Nissan Motor Co., Japan’s second-biggest carmaker, jumped 5.1 percent after full-year profit beat estimates and the company forecast higher dividends. PanAust Ltd., an Australian copper producer, soared 34 percent on a takeover bid from Guangdong Rising Assets Management Co. PetroChina Co. added 1.8 percent, headed for its highest close since Dec. 2 in Hong Kong, after announcing the sale of pipelines valued at $6.3 billion.

The MSCI Asia Pacific Index gained 1.1 percent to 139.23 as of 2:20 p.m. in Hong Kong, heading for the steepest advance since March 24, as all of its 10 industry groups rose. Shares maintained gains after data showed China’s economic slowdown is deepening.

“The U.S. is always the anchor both for confidence and global growth and it seems to be performing quite decently,” said Mikio Kumada, a Hong Kong-based global strategist at LGT Capital Partners. “It’s very hard for China to surprise the market in a positive way. It basically needs paradigm change.”

Futures on the Standard & Poor’s 500 Index rose 0.1 percent today. The S&P 500 and the Dow Jones Industrial Average both rallied to records yesterday as Internet and small-cap shares increased amid deals activity that boosted confidence in the world’s biggest economy.

U.S. Federal Reserve Chair Janet Yellen is due to speak May 15 after tempering concern last week that an improving economy will drive interest rates higher.

Regional Gauges

Japan’s Topix (TPX) index jumped 1.8 percent and South Korea’s Kospi index rose 0.9 percent. Australia’s S&P/ASX 200 Index added 0.9 percent and New Zealand’s NZX 50 Index gained 0.7 percent. Taiwan’s Taiex index rose 0.1 percent. Markets in Malaysia, Singapore, Thailand and Bangladesh are closed for a holiday.

Hong Kong’s Hang Seng Index advanced 0.3 percent after jumping the most in seven weeks yesterday on optimism state reforms will boost equity markets. The Hang Seng China Enterprises Index of mainland companies traded in the city added 0.2 percent.

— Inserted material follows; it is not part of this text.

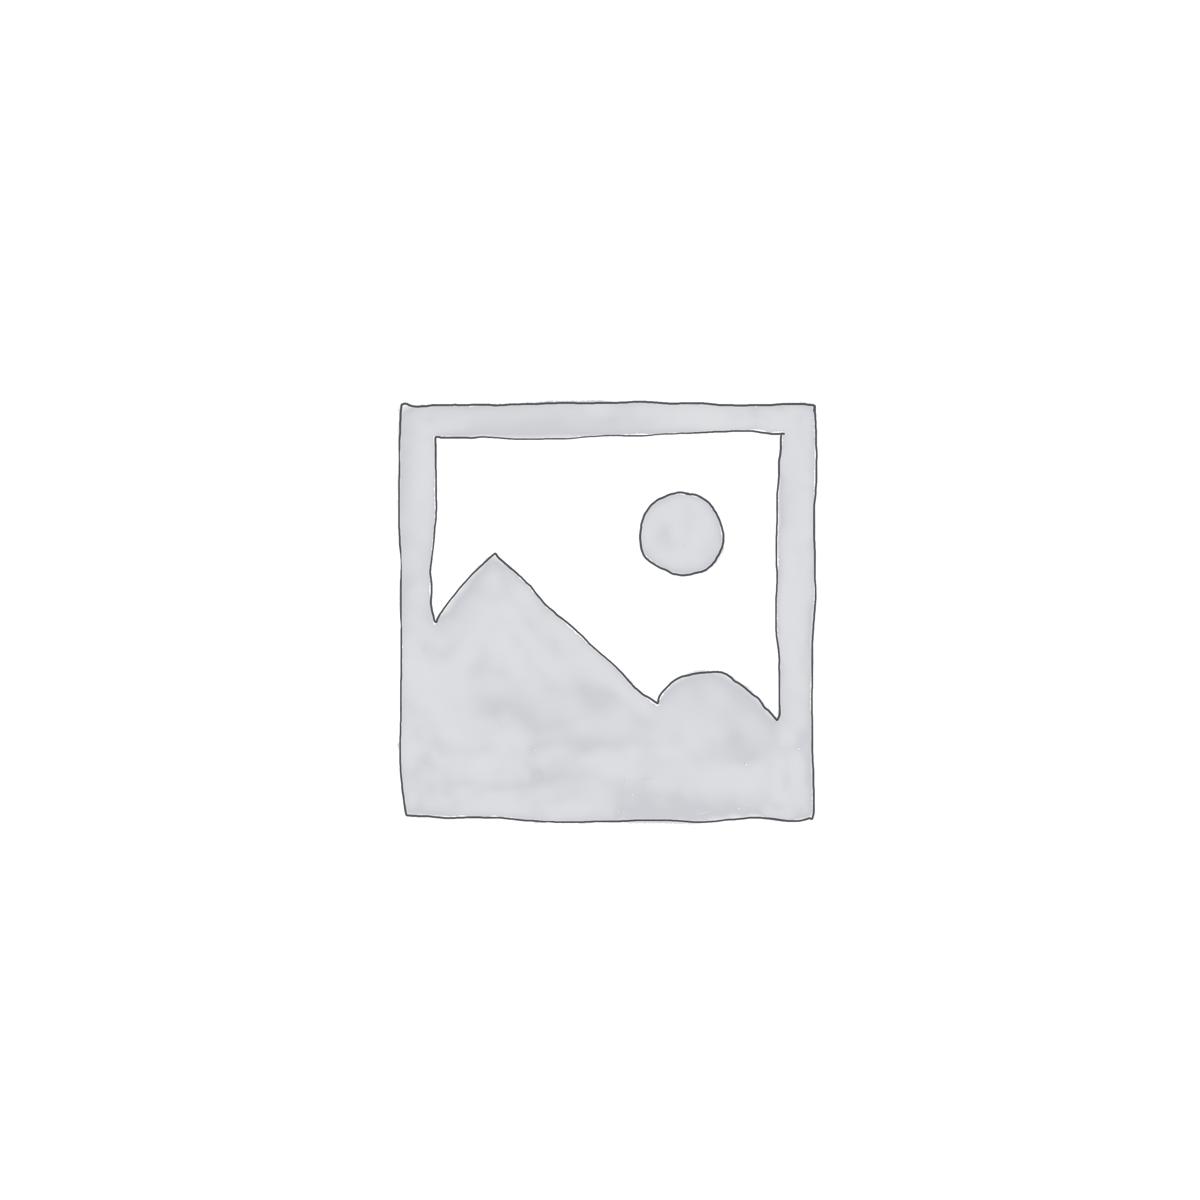 Мастербатч черный BN-03 ПЭ, Сажа HAF(N330)-20% добавки

Data today showed China’s industrial-output, investment and retail-sales growth unexpectedly slowed, suggesting the government’s efforts to counter an economic slowdown have yet to gain traction.

China Slowdown

Factory production rose 8.7 percent in April from a year earlier, the National Bureau of Statistics said today in Beijing, compared with the 8.9 percent median estimate of analysts surveyed by Bloomberg News. Fixed-asset investment increased 17.3 percent in the first four months of the year, and retail sales advanced 11.9 percent in April.

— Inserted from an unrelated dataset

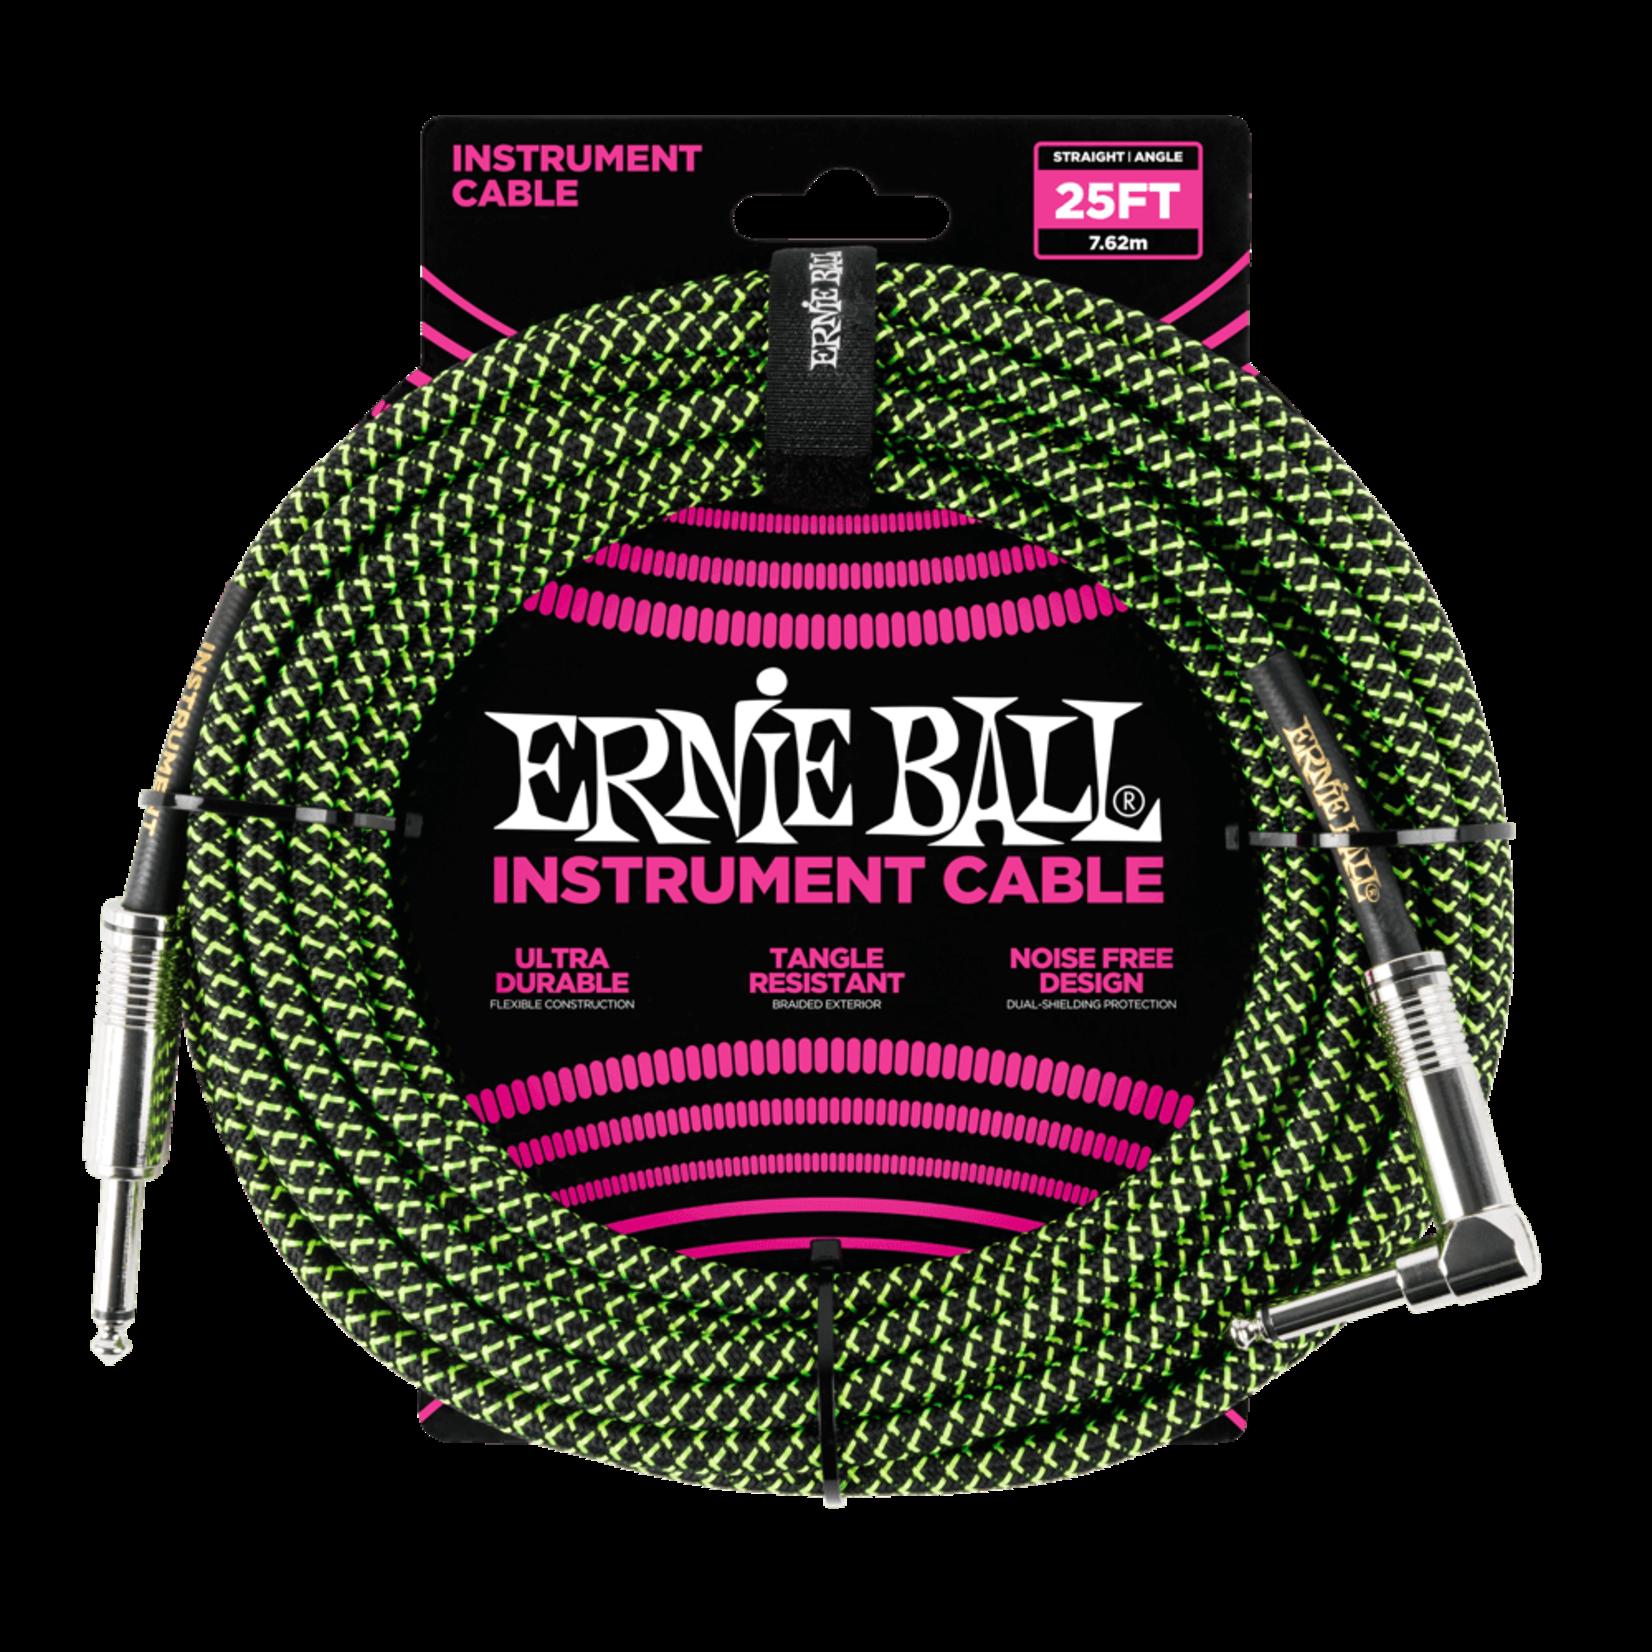 ERNIE BALL 6066EB 25' STRGHT/ANGLE GREEN

China’s broadest measure of new credit fell last month as authorities extended their campaign to tame financial dangers even as construction and manufacturing data point to risks that the economy’s slowdown will worsen. Aggregate financing was 1.55 trillion yuan ($248 billion) in April, the People’s Bank of China said yesterday in Beijing, compared with 2.07 trillion yuan in March.

Among companies on the Asian gauge that reported quarterly results since April 1 and for which Bloomberg had estimates, 53 percent beat earnings expectations as of yesterday, according to data compiled by Bloomberg.

The Asia-Pacific gauge traded at 12.6 times estimated earnings as of yesterday, compared with 16.1 for the S&P 500 and 15.2 for the Stoxx Europe 600 Index, according to data compiled by Bloomberg.